A screened-in breezeway connects the clapboard studio to the main house, where negatives of his photographs sit in a basement refrigerator, next to the washer and dryer. At a glance, Christenberry’s setup might appear disheveled, but there’s a method to the artist’s madness. Collections of political buttons and tiny roadside trinkets are carefully archived in cabinet drawers, and everything has its place. “I’ve always liked order,” he says. “It’s like my hair. I like to keep it straight.”
The Parlor
Paula Wallace, College President
Savannah, Georgia
The classic Victorian parlor calls to mind images of stuffy formality—heavy velvet curtains, triple-crested sofas, tables draped in lace. But step into the primary entertaining space in Paula Wallace’s Savannah home, and you’ll quickly realize this isn’t your grandmother’s drawing room. The cofounder and president of the Savannah College of Art and Design, Wallace has created an eclectic and thoroughly modern room that reflects both her commitment to the college and her Southern roots.

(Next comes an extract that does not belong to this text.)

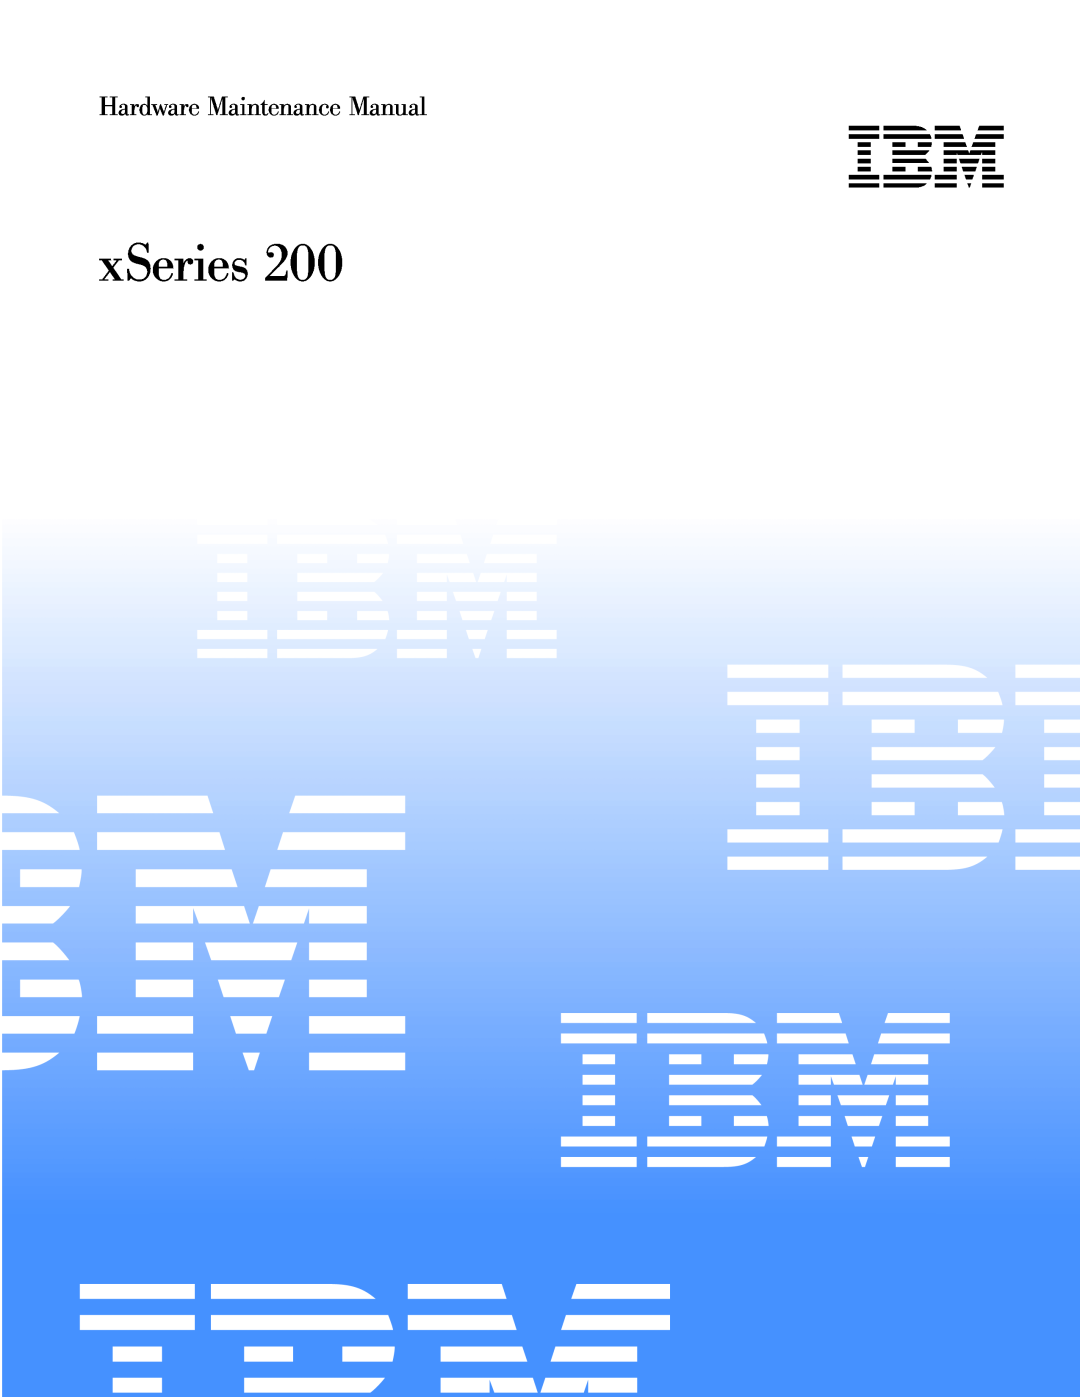 IBM x Series 200 manual xSeries, Hardware Maintenance Manual

Sleek Italian sofas, upholstered in SCAD’s signature gray, share the space with an antique chest sourced from a nearby plantation. Artwork from some of SCAD’s most talented students is lit by two brass candelabras that Wallace found at a local antiques shop and has carried with her to all of her homes over the past thirty years. An antique Madonna, purchased in Vaucluse, France, rests in the corner, and then there’s a snow-white stuffed squirrel—a sculpture by SCAD alum Marcus Kenney—which never fails to raise a few eyebrows. “It’s the ultimate conversation piece,” Wallace says.
Wallace regularly hosts visitors from all over the world in the parlor. “It’s the perfect place to welcome our students and faculty from Hong Kong
and Lacoste,” she says, “because the room is a glimpse into the entertaining traditions of the South.” The most important lesson? In these parts, the guest always comes first, which is why Wallace chose blush pink for the ceiling, “to hopefully flatter everyone’s complexion.”